The creative genius has certain intellectual
strengths as they relate to the eight intelligence possibilities. Many of these
geniuses were late bloomers who started their callings in their late twenties
and thirties. Only a few were known as prodigies and this is based upon the
support of their family and early recognition of skills. They are
self-confident individuals who often self-promote and can have difficulties
with others who are not considered as intelligent.

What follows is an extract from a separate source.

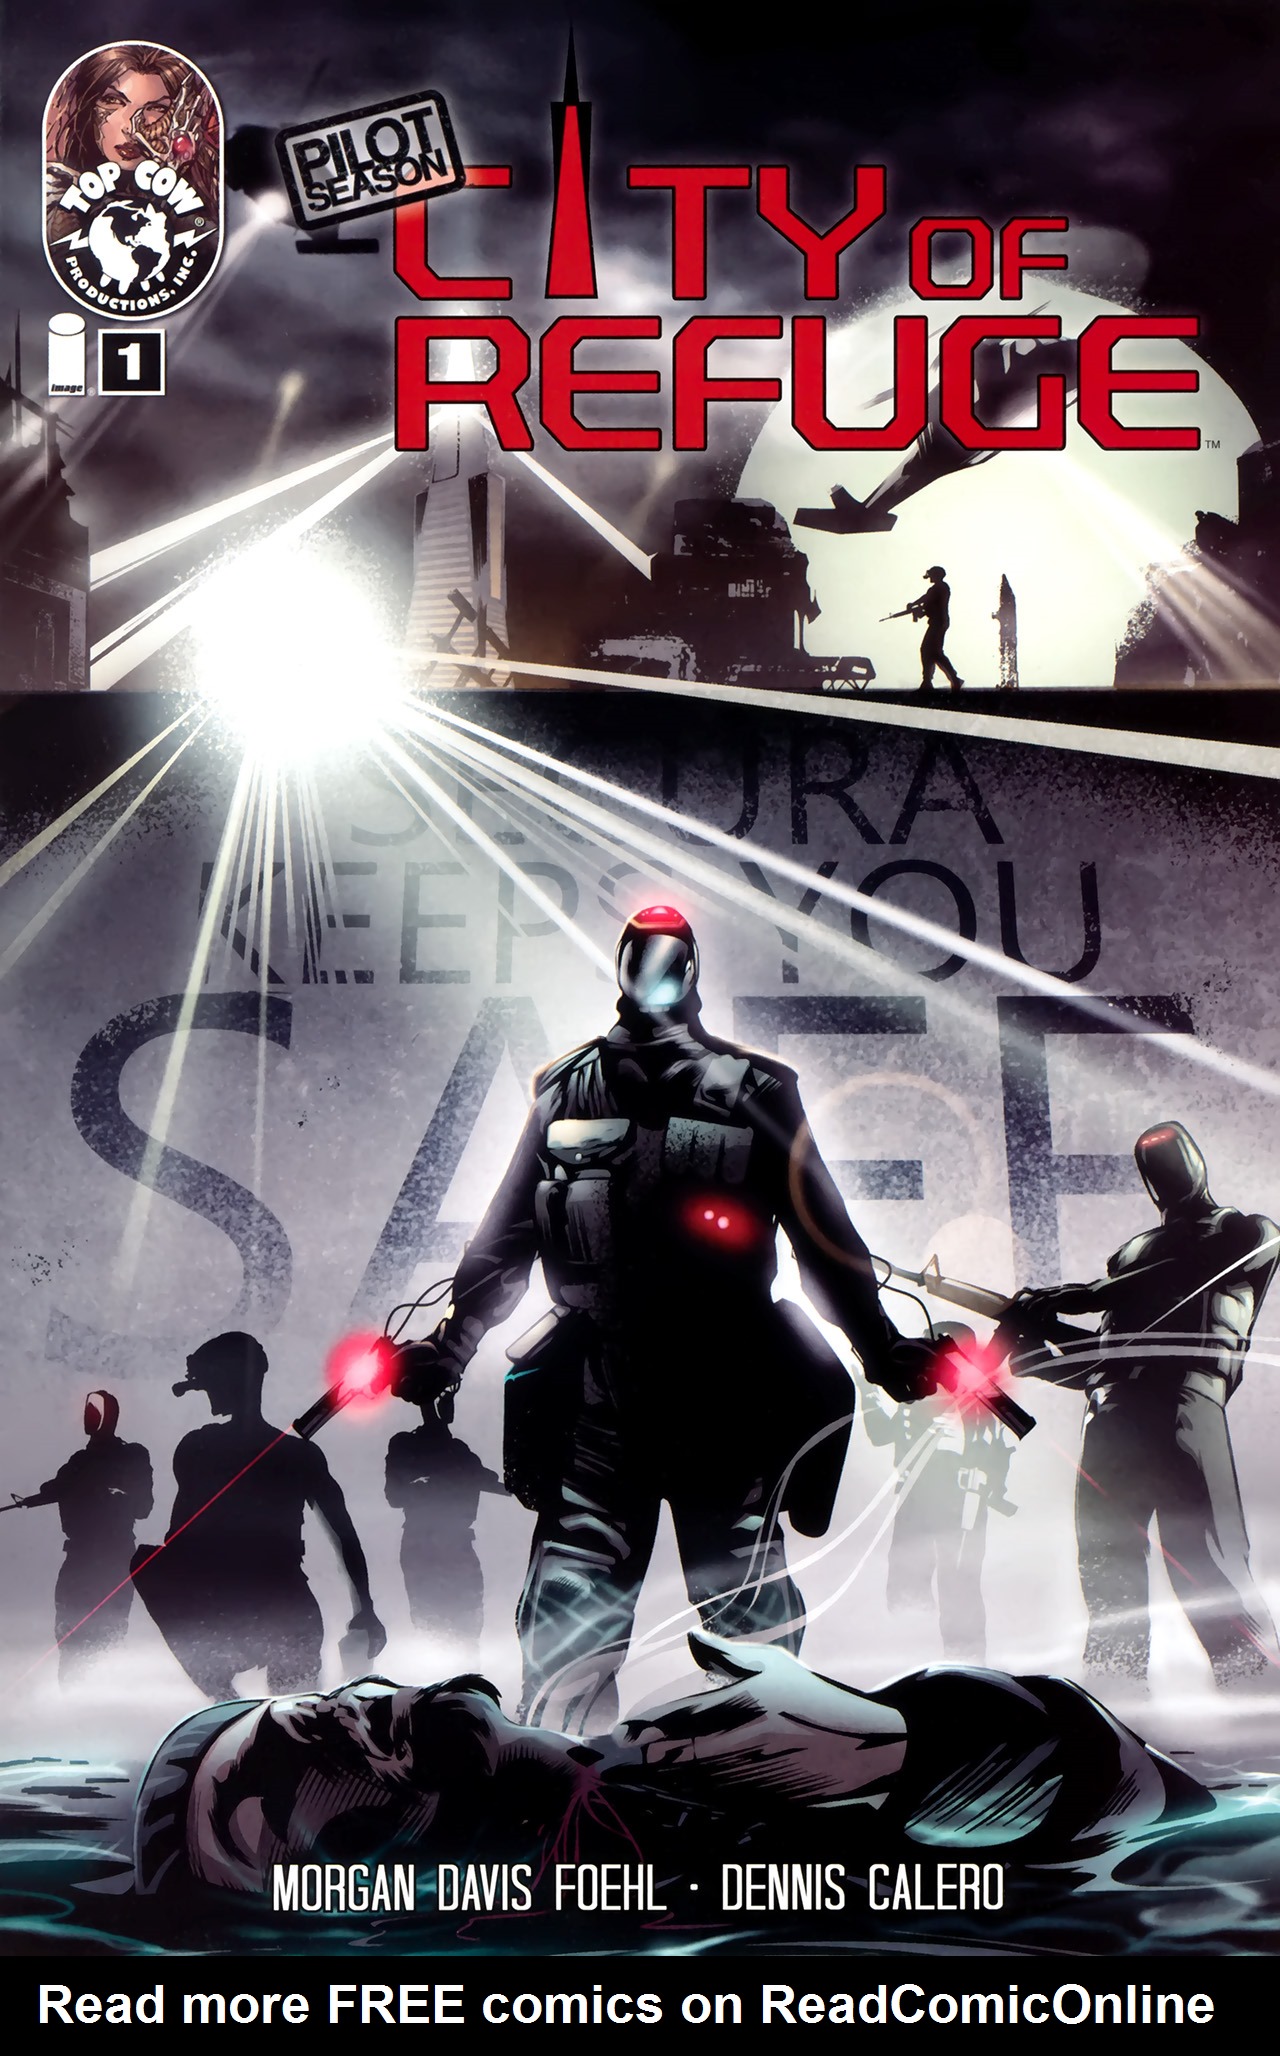 Read online Pilot Season 2011 comic -  Issue # Issue City Of Refuge - 1

Many geniuses came from homes where strictness and
excellence were required. Yet when they gained enough skills the genius rebelled
against their family and loosened the noose of control. They worked in areas of
fields others have either discarded or completely didn’t understand. They seek
to create their own domain in their chosen fields. They were productive each day and worked on
their craft or other complementary crafts to master skills. They were involved
in each of the five distinct activities:
- 1.) Solving a particular problem.
- 2.) Putting forth a general conceptual scheme.
- 3.) Creating a product.
- 4.) A stylized performance
- 5.) A performance for high stakes
Each genius works within a triangle of creativity.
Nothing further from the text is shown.